A Review of Human-Object Interaction Detection
Yuxiao Wang, Yu Lei, Li Cui, Weiying Xue, Qi Liu, Zhenao Wei
TL;DR
This survey addresses image-based HOI detection by formalizing the problem as predicting triplets $<$human, object, interaction$>$ and reviewing the landscape of datasets and architectures. It contrasts two-stage pipelines, which separate object/human detection from interaction classification, with one-stage, end-to-end methods that predict HOI triplets directly, and highlights emerging techniques such as zero-shot learning, weakly supervised learning, and large-language-model–driven representations. The compilation includes performance insights on standard benchmarks and discusses key challenges, including long-tail verb-object distributions, annotation costs, and the need for richer contextual information.
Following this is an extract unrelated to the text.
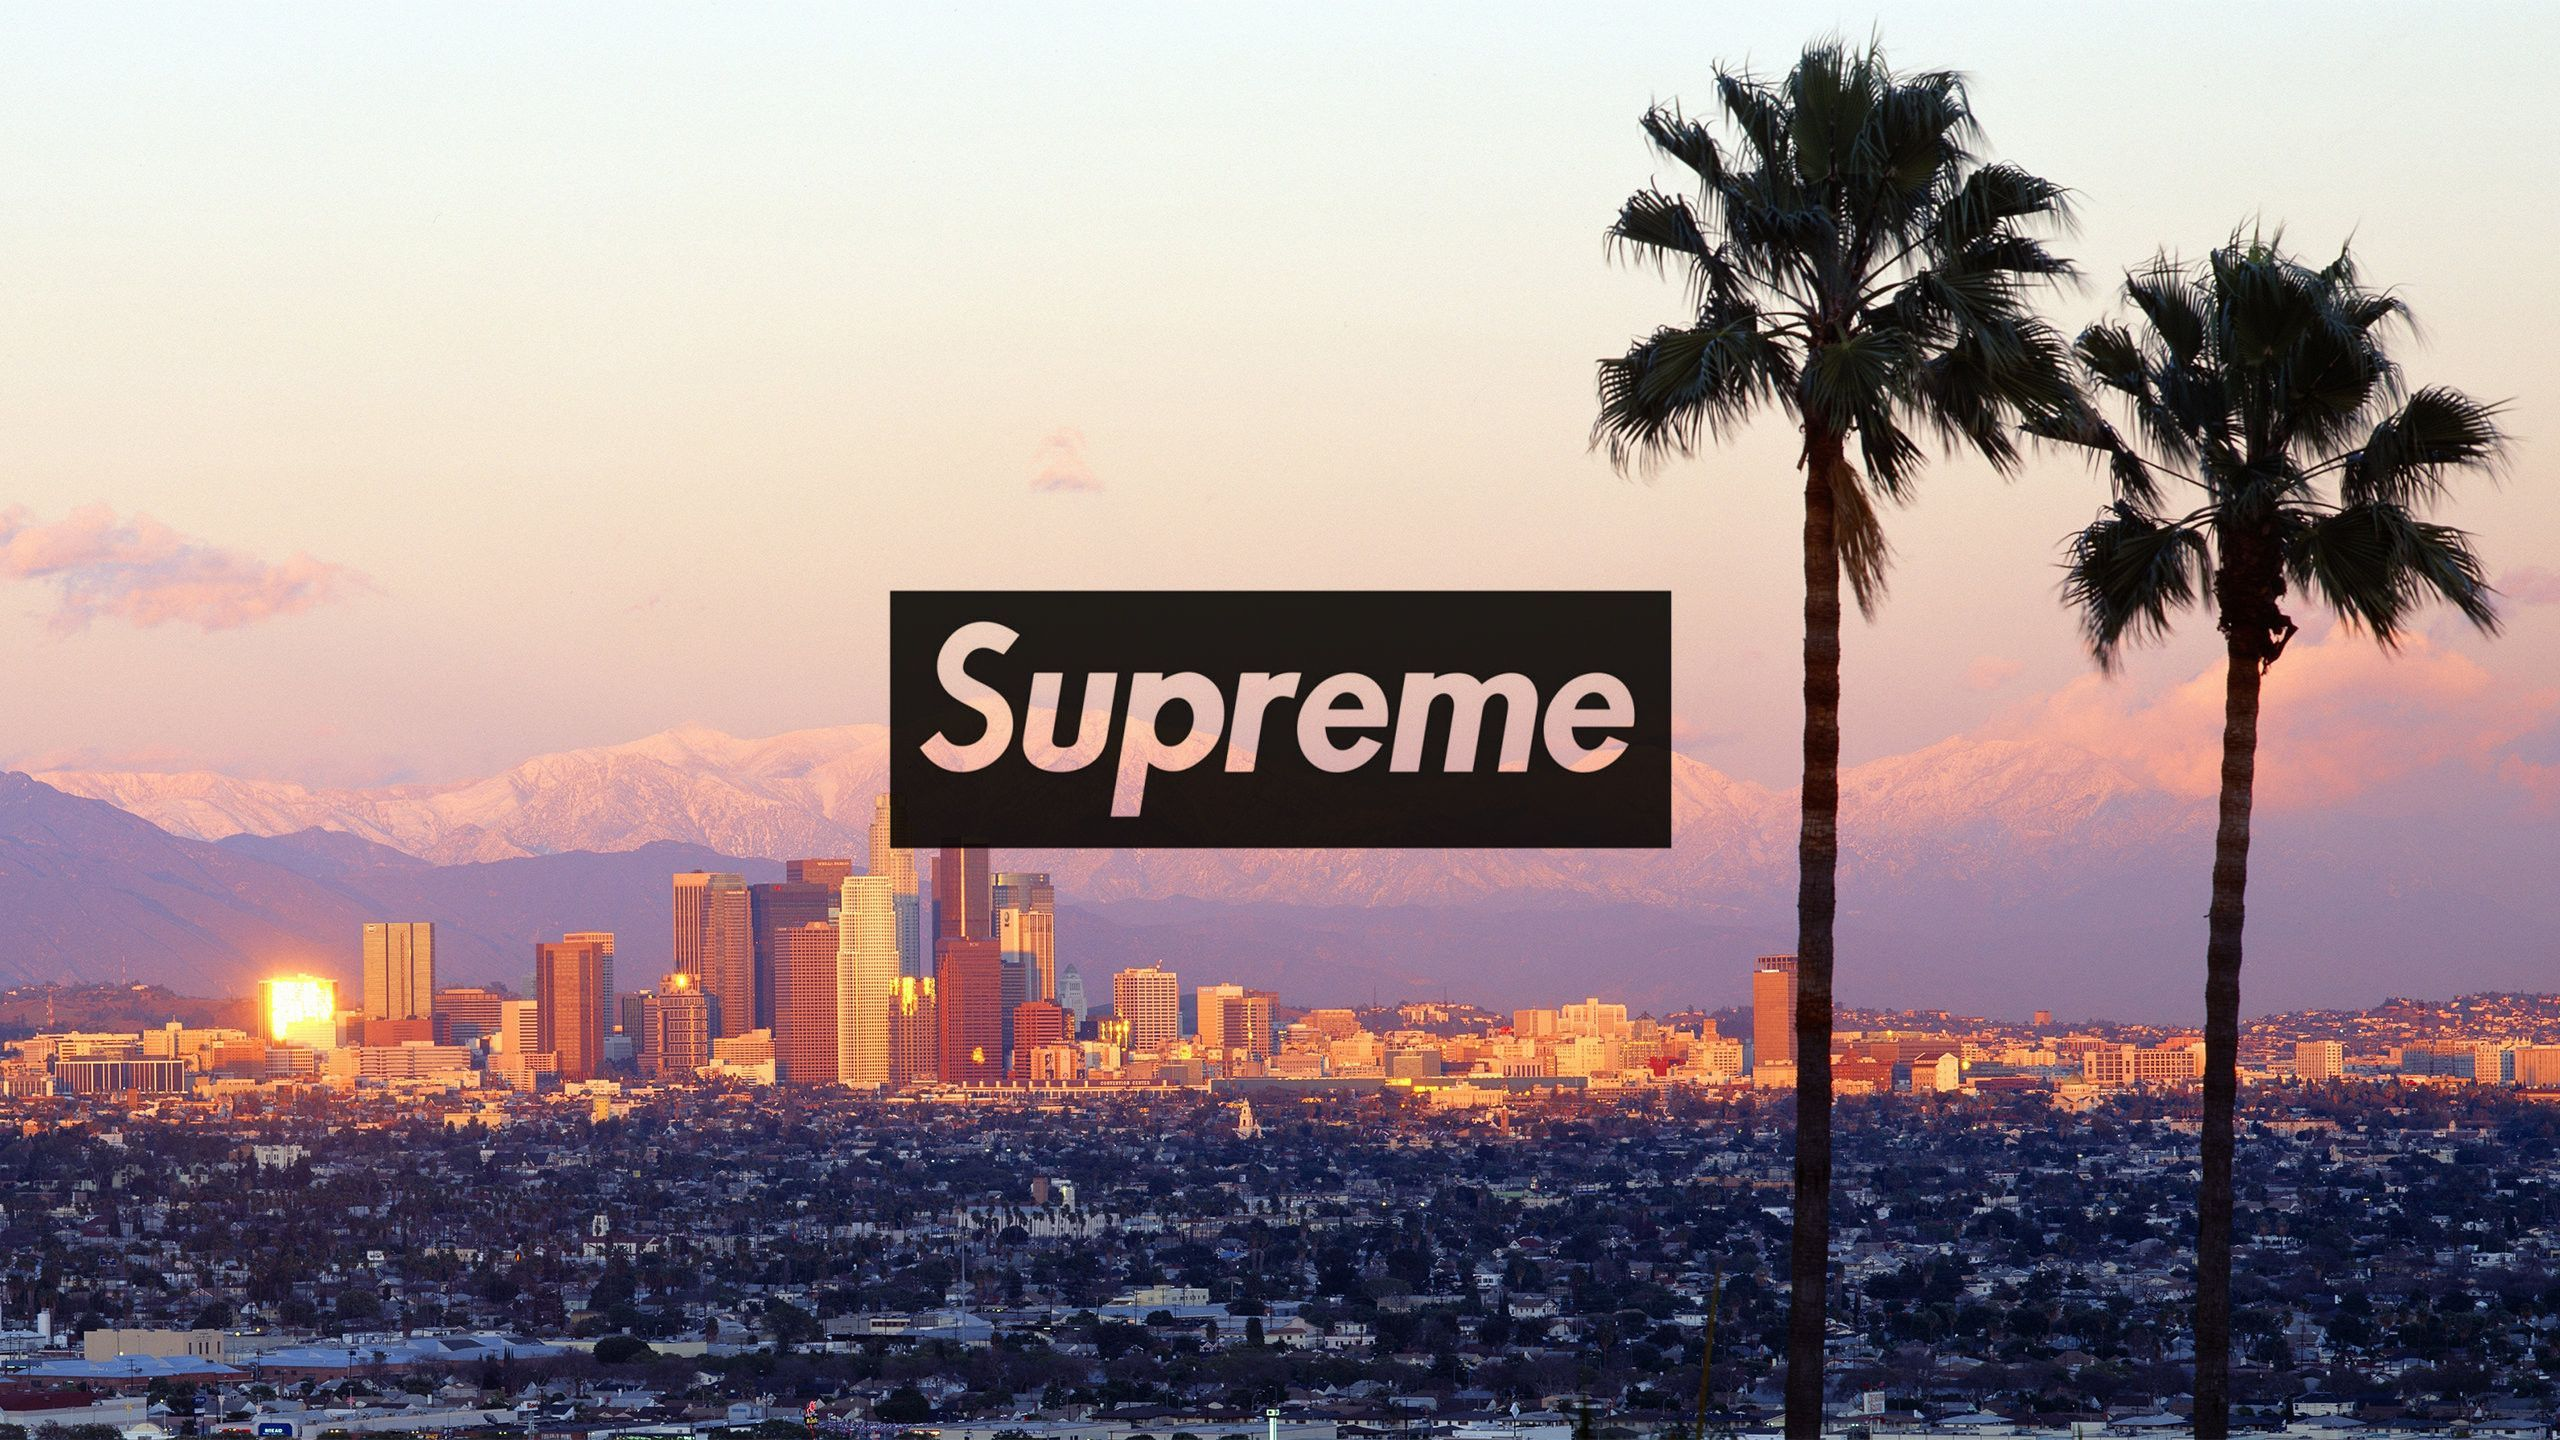 Supreme Mac Wallpapers - Top Free ...

The authors propose future directions, such as expanding dataset diversity, leveraging transfer learning, and developing more effective multi-task and context-aware HOI models to improve generalization and real-world applicability.
Abstract
Human-object interaction (HOI) detection plays a key role in high-level visual understanding, facilitating a deep comprehension of human activities. Specifically, HOI detection aims to locate the humans and objects involved in interactions within images or videos and classify the specific interactions between them. The success of this task is influenced by several key factors, including the accurate localization of human and object instances, as well as the correct classification of object categories and interaction relationships. This paper systematically summarizes and discusses the recent work in image-based HOI detection. First, the mainstream datasets involved in HOI relationship detection are introduced. Furthermore, starting with two-stage methods and end-to-end one-stage detection approaches, this paper comprehensively discusses the current developments in image-based HOI detection, analyzing the strengths and weaknesses of these two methods. Additionally, the advancements of zero-shot learning, weakly supervised learning, and the application of large-scale language models in HOI detection are discussed. Finally, the current challenges in HOI detection are outlined, and potential research directions and future trends are explored.